You’re walking down a street and a panel van pulls up alongside you. The door slides open, and someone grabs you off the pavement and puts a hood over your head. You are driven to an unknown location, dragged up a flight of stairs and fastened into a seat. You start moving and when the hood is finally pulled off you are on a rollercoaster perched on the lip of a 200ft drop. You plummet, screaming, into a tunnel of blacklight, neon and flashing lasers and as you start pulling G’s at faecal-encouraging speeds, you feel sure you’re going to leave the tracks to your doom. The soundtrack to this experience is GHLOW’s new album Slash & Burn.
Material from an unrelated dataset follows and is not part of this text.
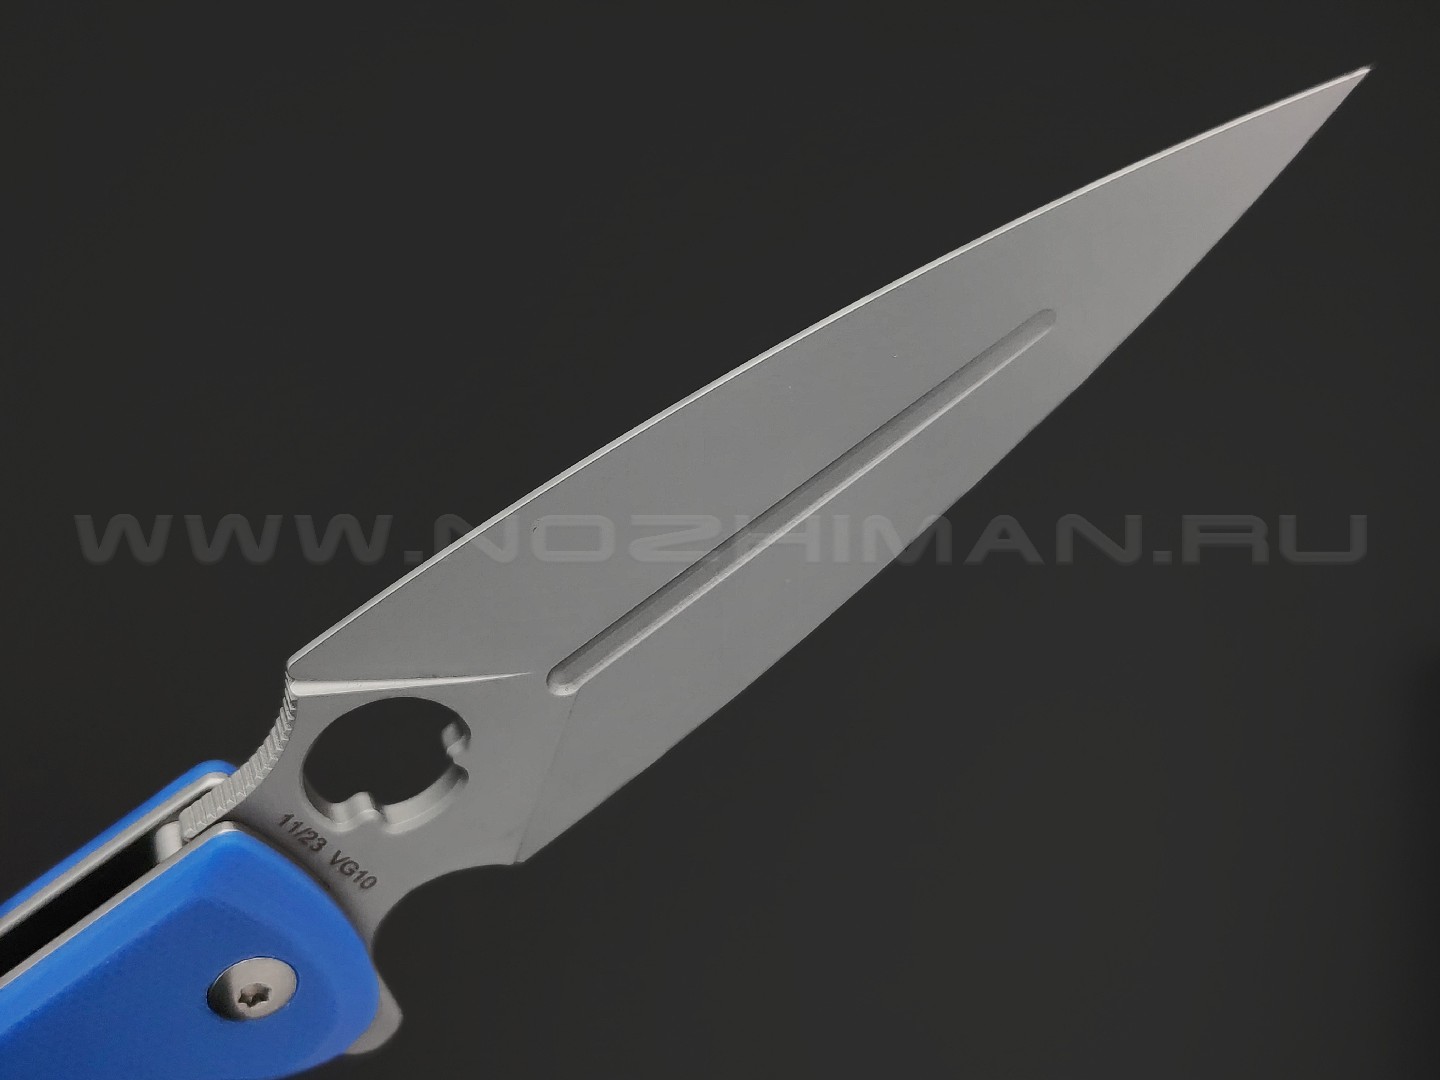 Daggerr нож Arrow Blue BB сталь VG-10 bead-blast, рукоять G10 blue

From the opening train-on-fire noise of ‘Not Fit For This’ through to jackhammer pounding of ‘Spit’ you are treated to a near-relentless sonic attack. You can’t fight it. It would be as pointless as a child going up against a bulldozer, so you go with it and get swept away on a wave of molecule rattling energy. There is the fuzzed napalm of bass and guitar which could melt a stack of Marshalls going toe-to-toe with flaming swirls of electronica that could cauterise wounds. Riding this auditory monster like a Valkyrie, with her graphene vocal chords, is singer Emile de Blanche. The Siouxse-like power of her voice is needed to hold its own against the production which feels like Phil Spector was operating the mixing desk from his place in Hell.

Despite sounding like a thousand guitar band, only two people make up GHLOW: Emille de Blanche and Nikolay Evdokimov. Their creative influences come from many areas; De Blanche has worked in sculpture and was a child prodigy on violin, whereas Evdokimov is a tattoo artist whose musical background was in Russia playing in bands while the Soviet Union fell. Although they moved in the same circles in Stockholm, a chance meeting while de Blanche was on the way to buy art supplies, ultimately led to their musical collaboration.

The eight visceral tracks on Slash & Burn make a complete experience. Every space on this record is filled with sound that is fuzzed, warped, reverbed, echoed, distorted, stretched and/or rubbed with sandpaper and yet far from being like tapdancing on razor blades this is a fully realised world that merits repeat visits and, just because your ears ring after a gig, doesn’t mean you ‘re not going back for more.